Updated 14 March 2025
Date of assessment: 10 April to 27 June 2025.
Supported Living Services Uxbridge provides the regulated activity of personal care to people who live in their own homes but are provided with support for daily living (known as supported living). At the time of this assessment the provider was providing personal care and support to 5 people, in 5 separate properties, with mental health needs, learning disabilities and autistic.
We carried out this assessment because of concerns raised by the local authority for a person who used the service. The last rating for this service was requires improvement (report published 24 October 2022). This was because staff did not always follow the correct procedures for safe administration and recording of medicines and the provider’s audits had not identified these shortfalls. At this assessment, we found that sufficient improvements had been made, so the provider was no longer in breach of this regulation.
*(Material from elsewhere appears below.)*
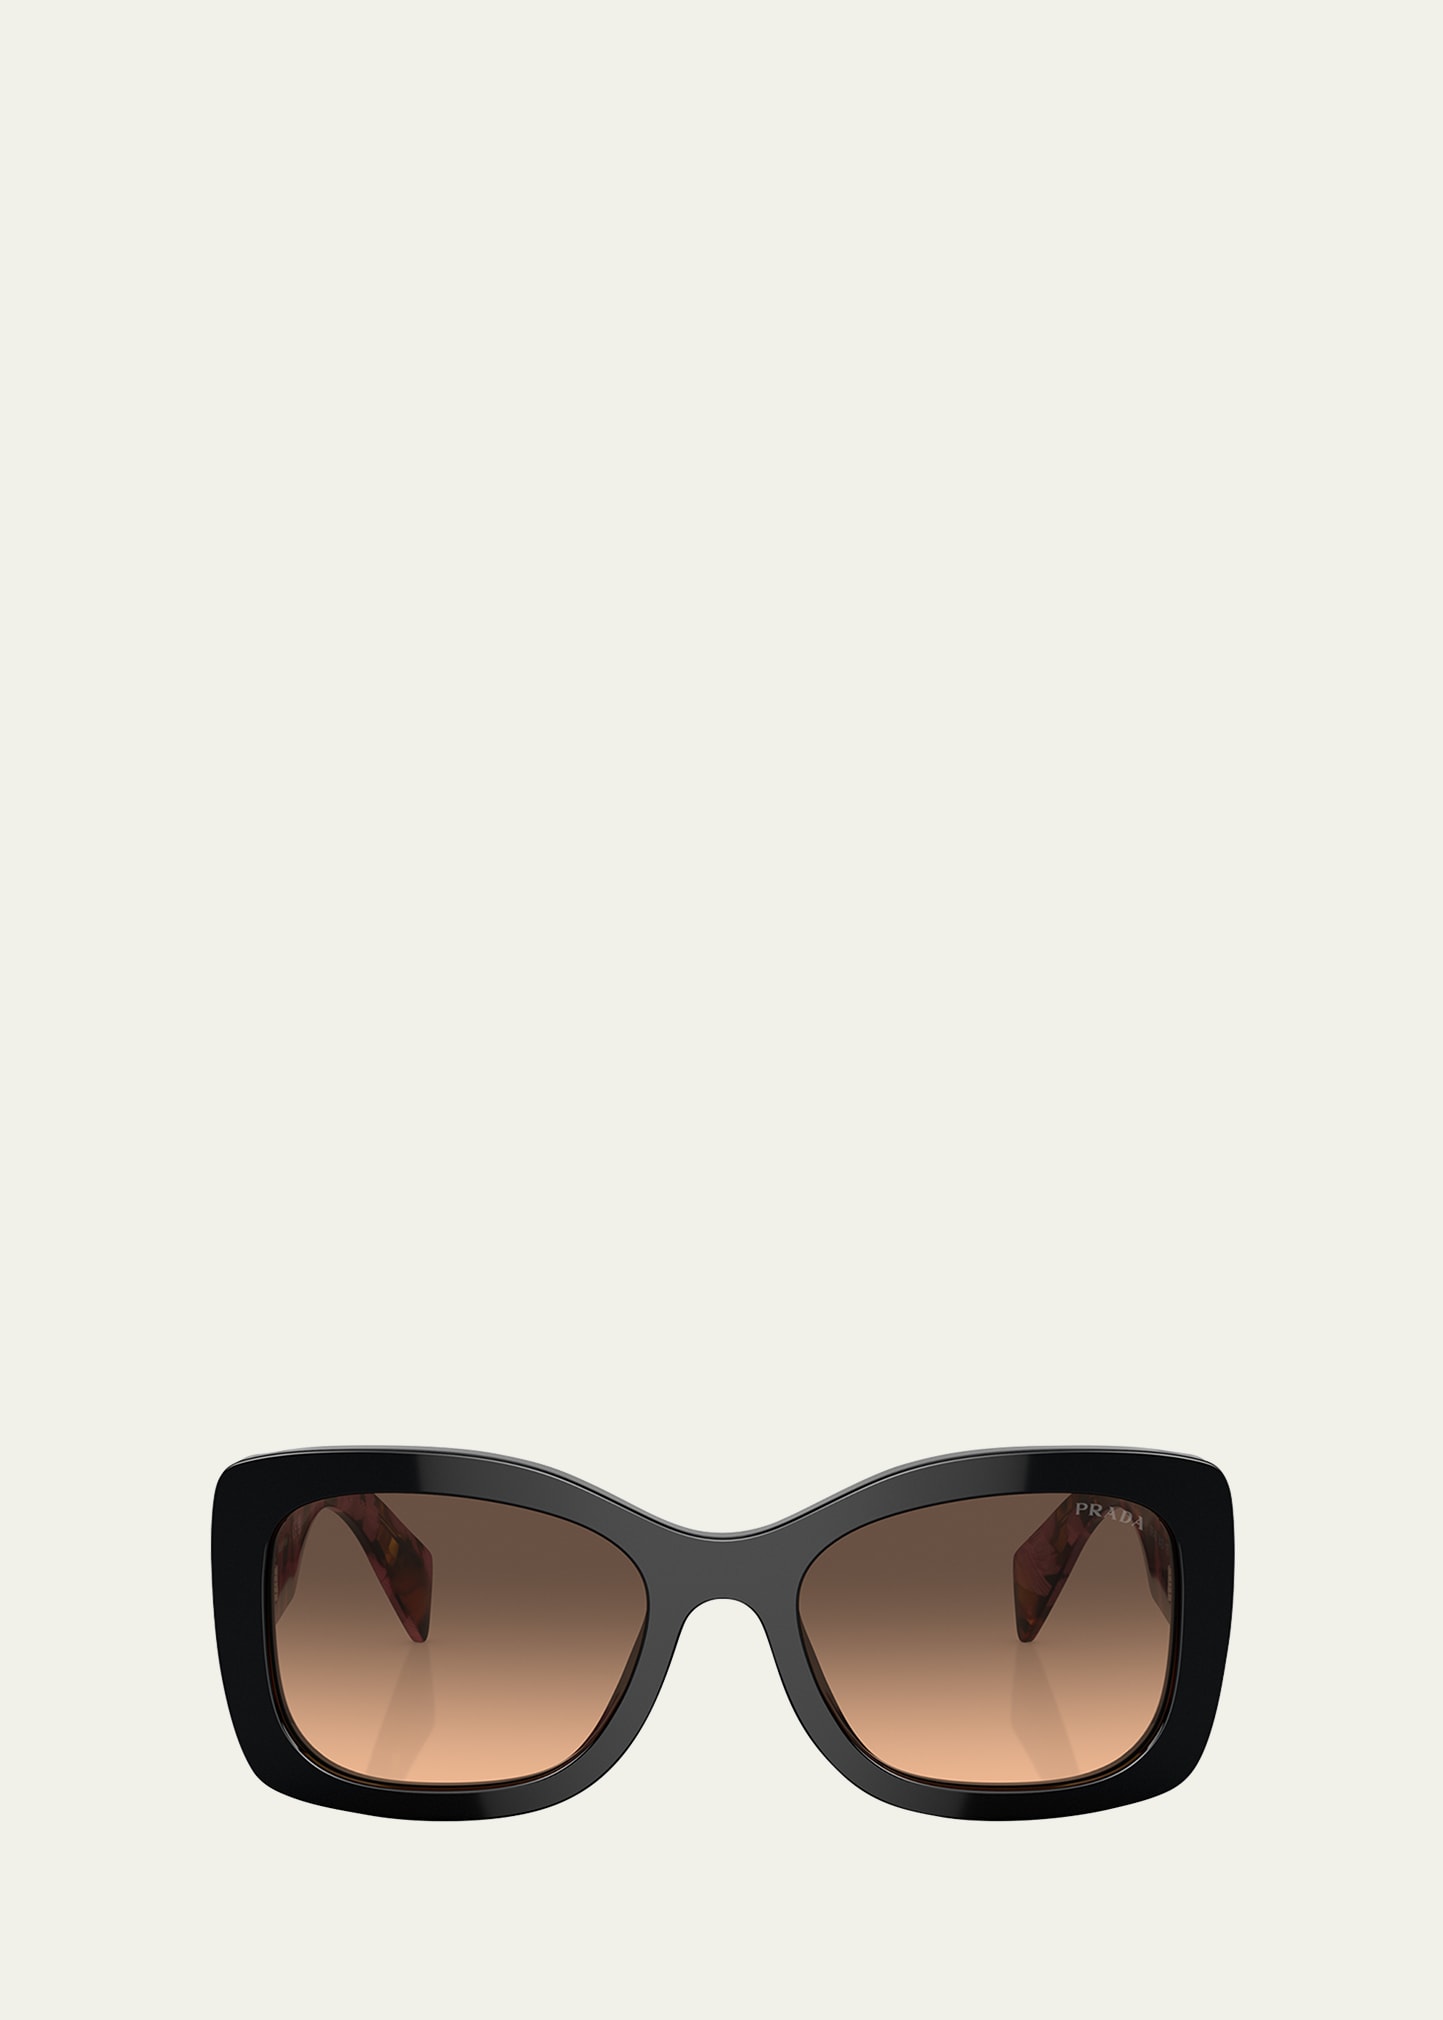 Polarized Designer Sunglasses For Men And Women Frameless, Metal Leg,  Personalized Frames Optica232m From Cfgtre, $33.17
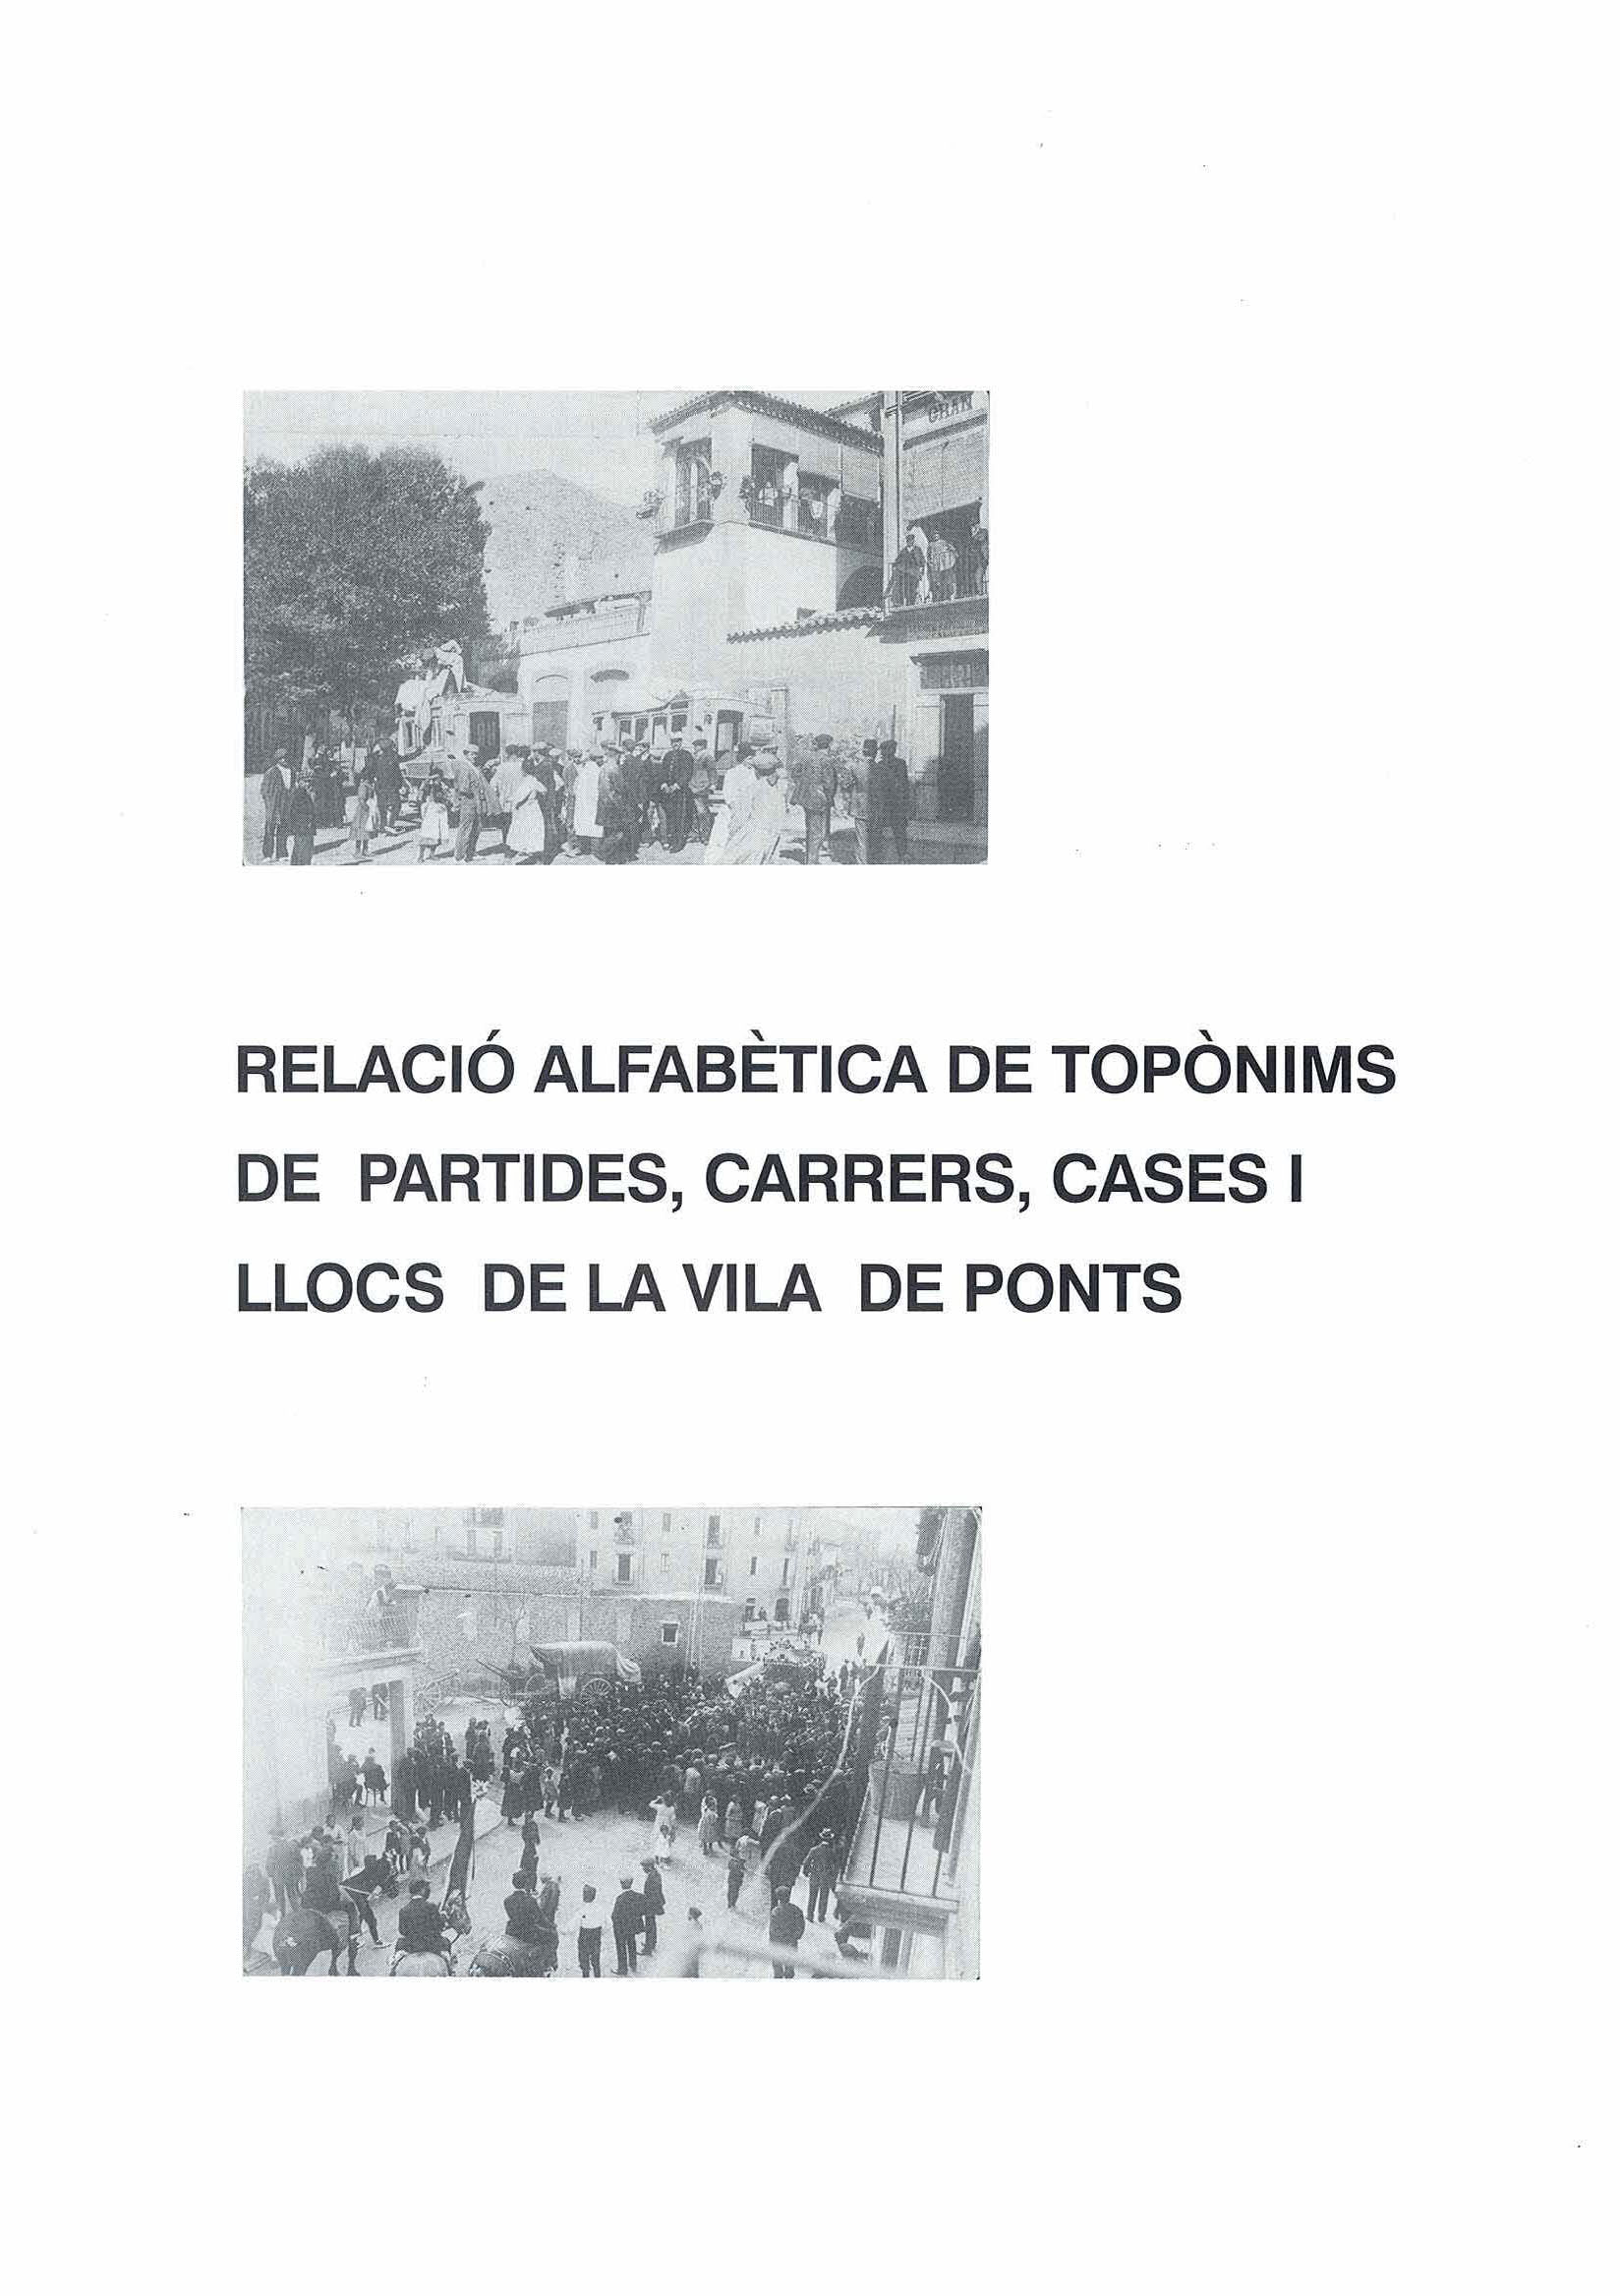 Relació alfabètica de totpònims de partides, carrers, cases i llocs de la vila de Ponts

However, there were still some areas that required further improvements. The overall rating for the service is good following this assessment.
Records about people’s medicines were not always clear or robust enough. However, people received their medicines as prescribed.
Staff did not always communicate clearly with external partners and this placed people at greater risk of inappropriate care.
We discussed areas of concern with the registered manager and they took action to address these following our feedback.
People received a safe service, were protected from abuse and neglect and had their human rights promoted. The service followed safe recruitment processes and there were enough staff deployed to support people in their individual supported living settings. Care and risk management plans were individual and met the needs of people using the service. Staff knew people well and understood how they liked to be supported. Management was approachable and staff felt supported in their roles. The provider sought feedback from people, relatives and staff and used this to develop the service. There were effective systems to monitor the quality of the service and to identify and drive improvements when required.
We assessed the service against ‘Right support, right care, right culture’ guidance to make judgements about whether the provider guaranteed people with a learning disability and autistic people respect, equality, dignity, choices, independence and good access to local communities that most people take for granted. We found the provider was meeting the principles of Right support, right care, right culture.